Now one has to consider other data that was not mentioned by those who attributed the attack to North Korea.  This additional data is equally important:

1. The so called "kill switch" looks very much as if it was an attempt to build in a sandbox evasion method. The problem is that the developers didn't quite think it through.  Hence, by simply registering the peculiar domain name it caused the malware to think it was in a sandbox and hence to cease execution.

2. The code in the May Wanncry attack contained a method for generating a Bitcoin address for each victim.  This is now common as it spreads the criminals' risk by making it more difficult for law enforcement to "follow the money".  However, the code contained a race condition that meant that this Bitcoin address generation never happened and the default, hardcoded Bitcoin addresses were used.

3. The unlocking mechanism appears to have been remarkably manual.  It was not scalable. It required the criminals to respond with a decryption key having been contacted manually by the victim.  The success of ransomware has taught criminals that this process needs to be automated.

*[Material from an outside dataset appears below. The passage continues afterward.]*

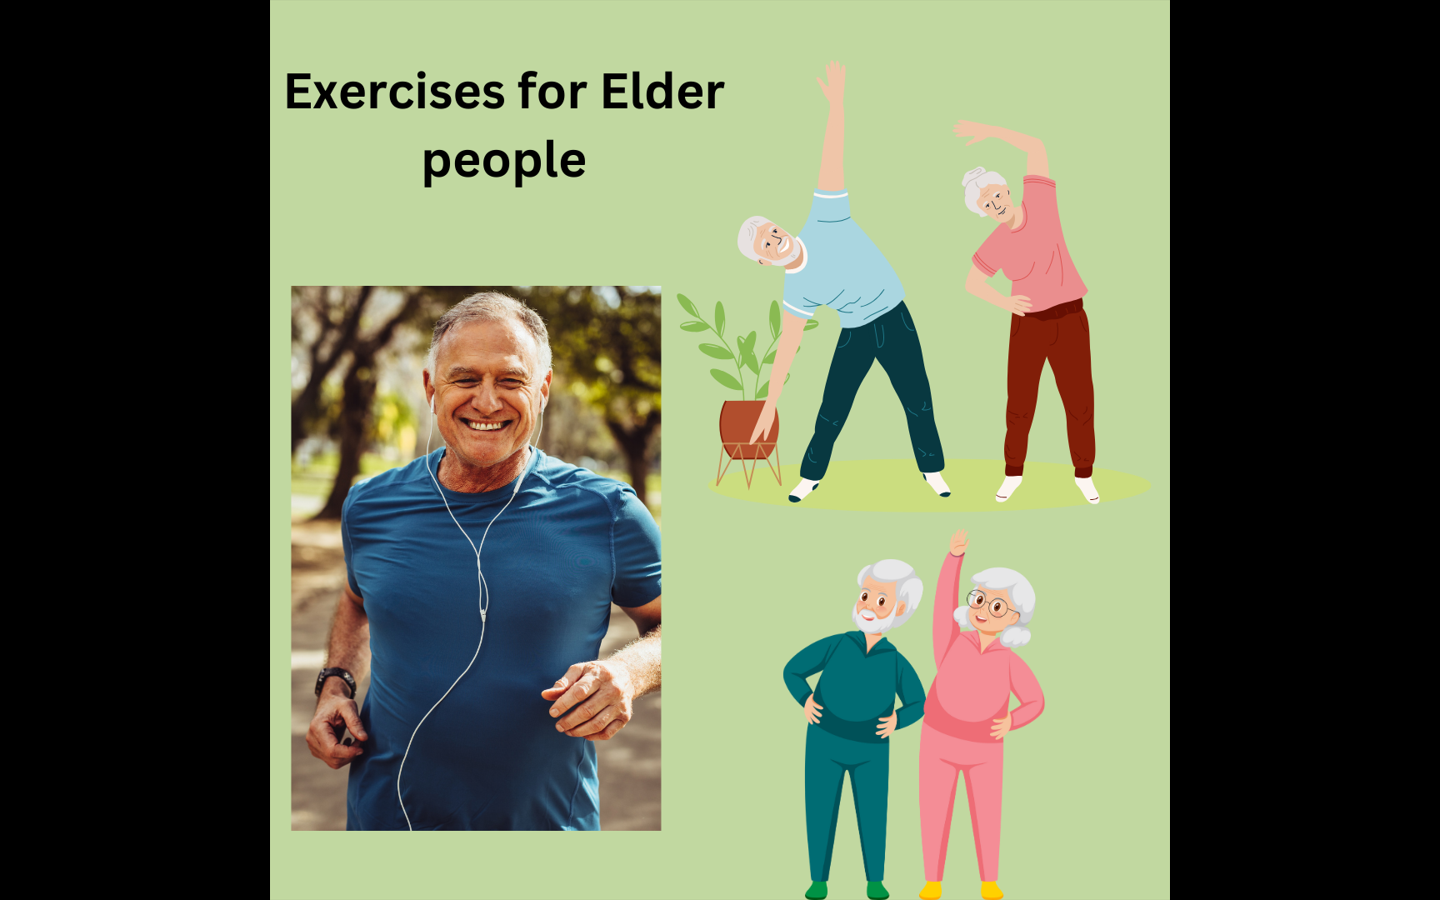 Seniors with Limited Mobility and Exercises

4. There is an IP address in May code that appears quite random and has little meaning.  However, there is evidence that this IP address is used because the SMB worm was produced using code that was posted on GitHub.  Several of us saw this code and thought the correlation suspicious, and suggestive that the criminals had simply cut and paste from this open source code that was being developed to enable the Metasploit pen testing tool to emulate Eternalblue.  The code has since been removed but the episode is documented here.

All of these points suggest a less than experienced malware developer.  Assuming these are not deliberate mistakes, which seems unlikely, the way in which the May Wannacry code was assembled appears inconsistent with the quality of the exploits that have been previously associated with the Lazrus group.  It could be that they were developing code that escaped before it was ready but this is pure speculation and demonstrates that attributing malware to Lazrus or anyone else is extremely difficult and when it begins to rely upon speculation or evidence that is remote from the events being analysed, any results become highly questionable.

I think that by considering the evidence we have as a whole there are several, equally likely possibilities. It may well have been the Lazrus group, but it is doubtful they were working at the behest of North Korea. It may have been some group of script kiddies who tried to cobble together the Wannacry payload with the Eternalblue worm and ended up with something far more virulent than they ever imagined.

More evidence is required before any theory begins to be more likely than the others. Thus I would urge anyone reporting on these issues to be as sceptical as possible, to report the counter arguments and to avoid headlines that others will take in isolation.

UPDATE (26/05/2017): An interesting piece of linguistic analysis was done on the ransom note that accompanied Wanncry.  This note had been translated into 28 languages.  There were two findings of note in the contexst of the above blog post:

1. The author appeared to be fluent in Chinese of a form consistent with its use in Southern China, Hong Kong, Taiwan, or Singapore.

2. The author appears to have been familiar with the English language although probably not a native

The other translations may well have been machine translations from the English version of the ransom note.

The further shows the sometimes contradictory nature of the evidence that emerges, and why all the evidence should be considered.